Thu Aug 28 13:26:57 PDT 2008

On Aug 28, 2008, at 1:18 PM, Sam Harwell wrote:

> The *giant* advantage in the code example I showed lies in something
> behind the scenes: no extra syntactic or semantic predicates were  
> added,
> so the prediction runs as fast as it did per-level before. On a  
> grammar

I only need 1 very fast semantic predicate,Which will be hidden from  
the user... should be very fast. The difference is that you get  
recursion in the parser that you defer until tree construction time.  
should balance out because neither of us is descending 20 levels any  
more.

> that doesn't require any predicates at the binary expression level,  
> this
> means a 5:1 performance difference for the function. I just checked,  
> and
> 26.96% of the parse time is in 'binary_expression', which is
> 'prefix_expression' separated by 'binary_operator'. 25.41% of the  
> parse
> time is in 'prefix_expression', so the overhead of parsing all 25
> non-assignment binary operations in 12 precedence groups in my program
> is now 1.5% of the parse time.
>

nice work!

You should make a faq entry :)

> Also, the functions build the tree properly accounting for both  
> operator
> associativity and precedence groups. The profiler showed the tree
> construction overhead (the call to createPrecedenceTree) given a flat
> input was 0.27% of the parse time. Keep in mind that my grammar  
> doesn't
> use backtracking or semantic predicates, and is <=LL(2) for most
> predictions. On a grammar that spends more time in those sections, the
> overhead would show as near 0.

My version would be the exact same thing as yours except that I have a  
predicate to dictate whether to recurse.  LL(1) most likely.

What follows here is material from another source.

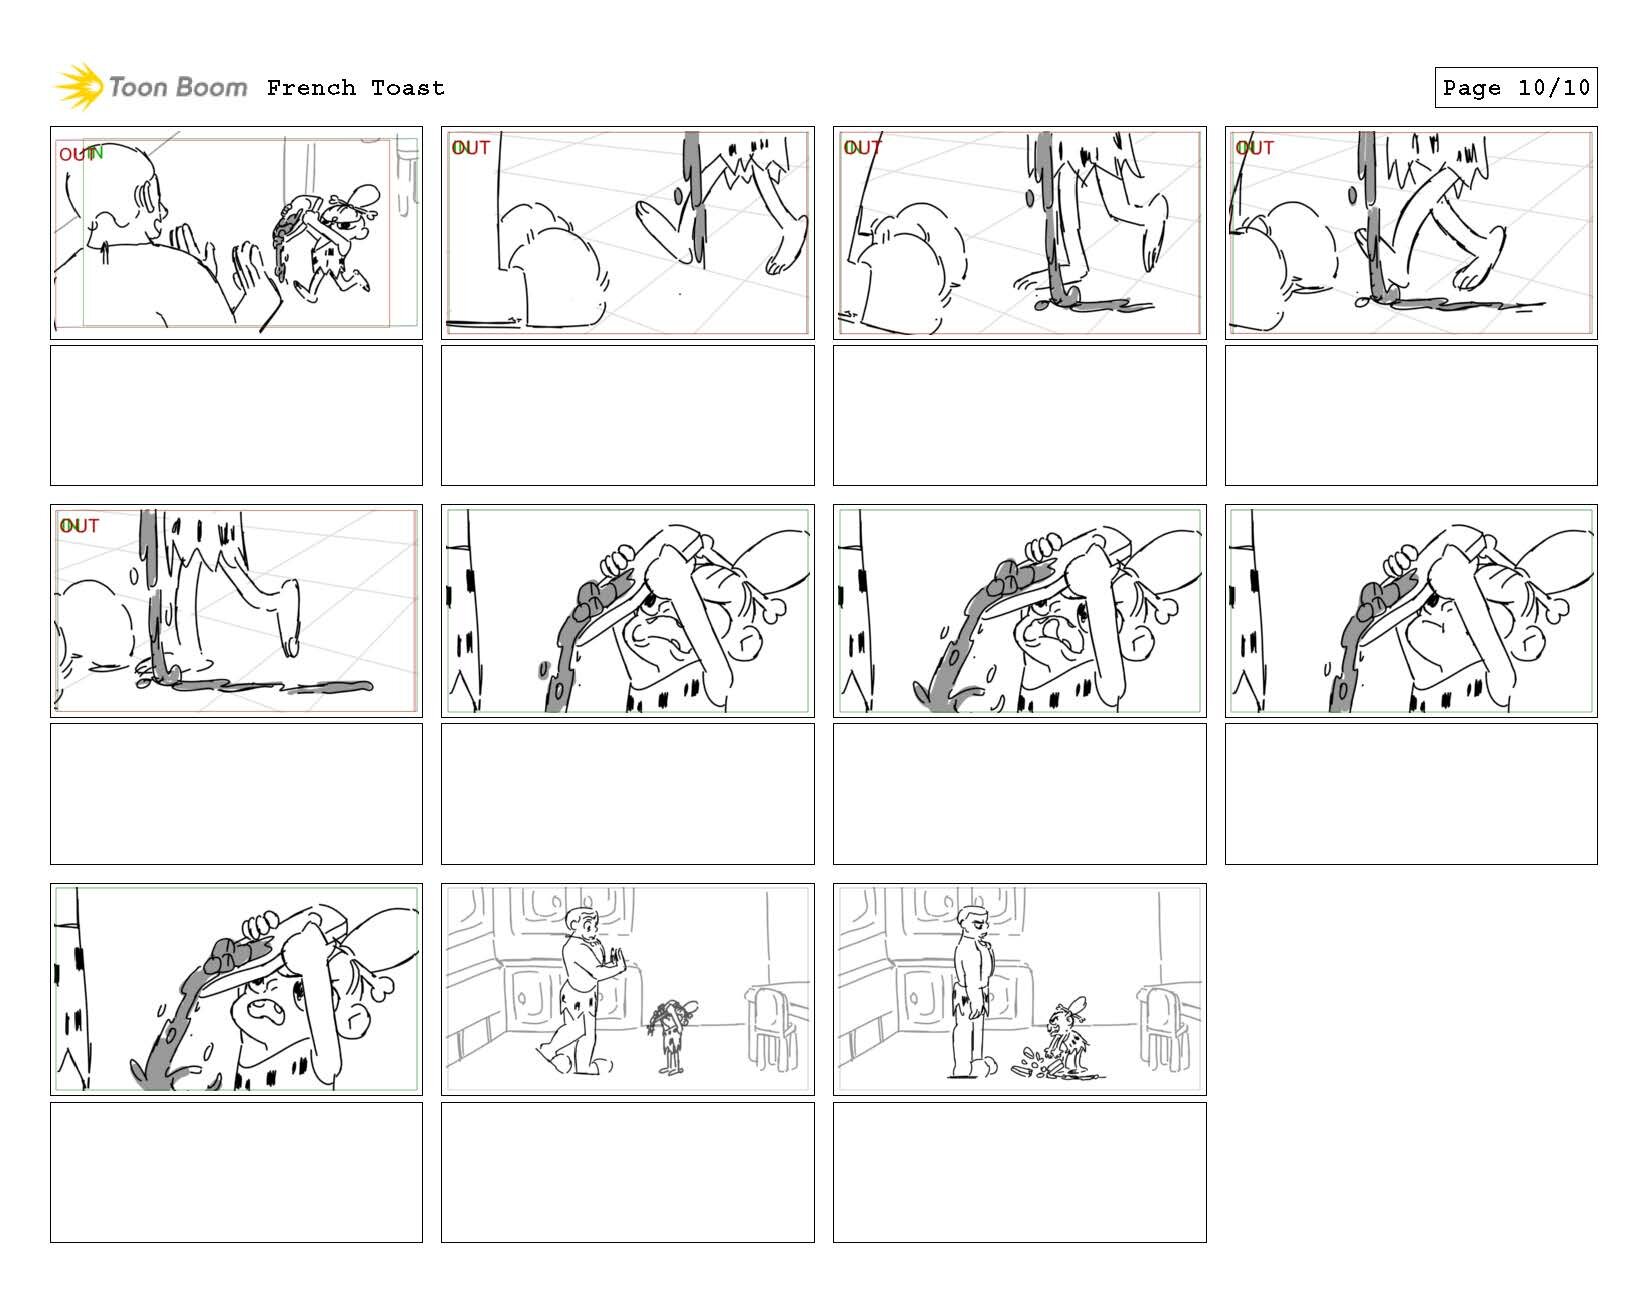 french toast mini thumbs_Page_11.jpg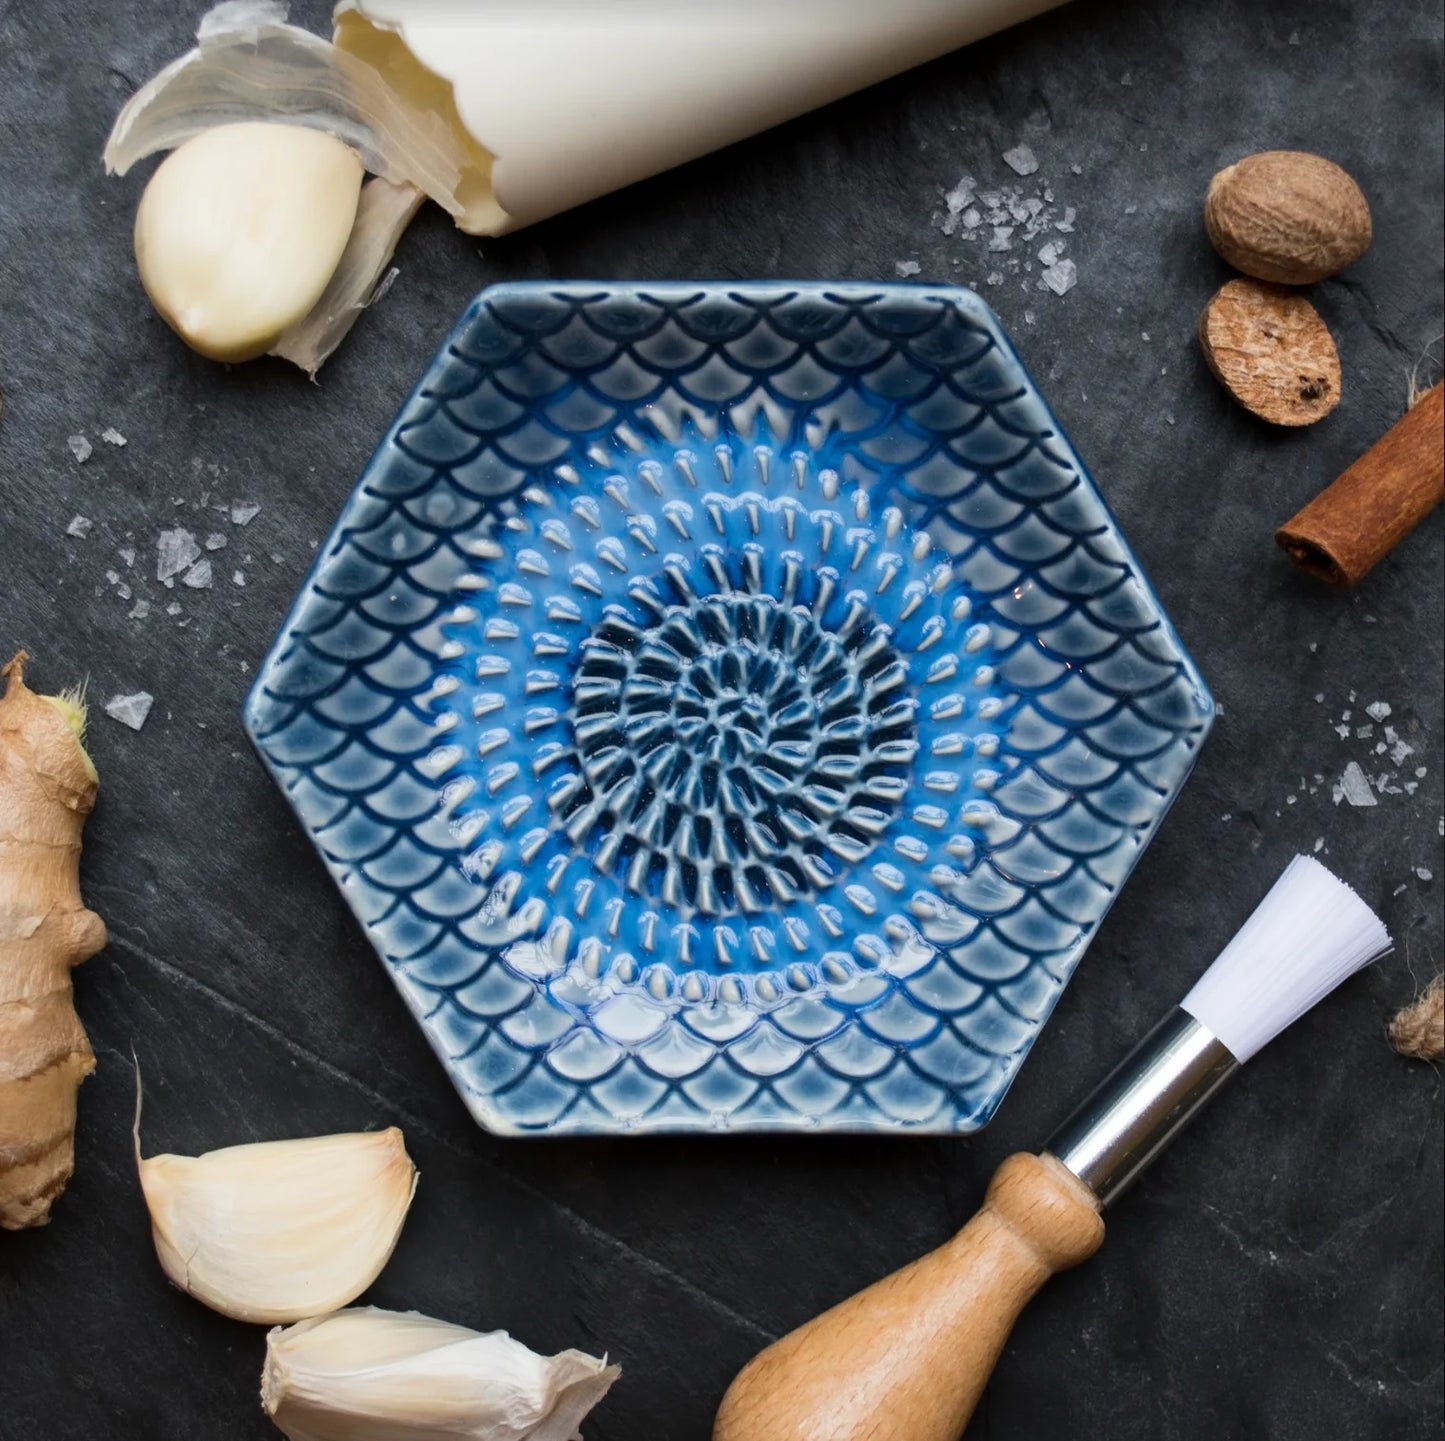 top view of a black countertop arranged with the blue tie dye grate plate, silicone garlic peeler, brush, and a variety of spices and roots.

> In the grammar I'm performance testing, I don't have any lines that  
> look
> quite like the one you mentioned. The language I'm parsing allows some
> reserved words to be used as variable names, so I had this:
>
> a	: 	literal
> 		-> ^(literal)
> 	|	varName
> 		-> ^(varName)
> 	|
> 	...
> 	;

I cut-and-paste from your e-mail; must be there somewhere.

Also removes those unnecessary tree construction things:

a -> ^(a)

  is the same as

a -> a

  which is the same as

a

The latter should make you go even faster. try it out :)

> It really shows the power of ANTLR3 to sandwich a operator precedence
> parser in it that still allows a grammar-defined primary non-terminal,
> without any changes to the generator or runtime.

hooray!

Ter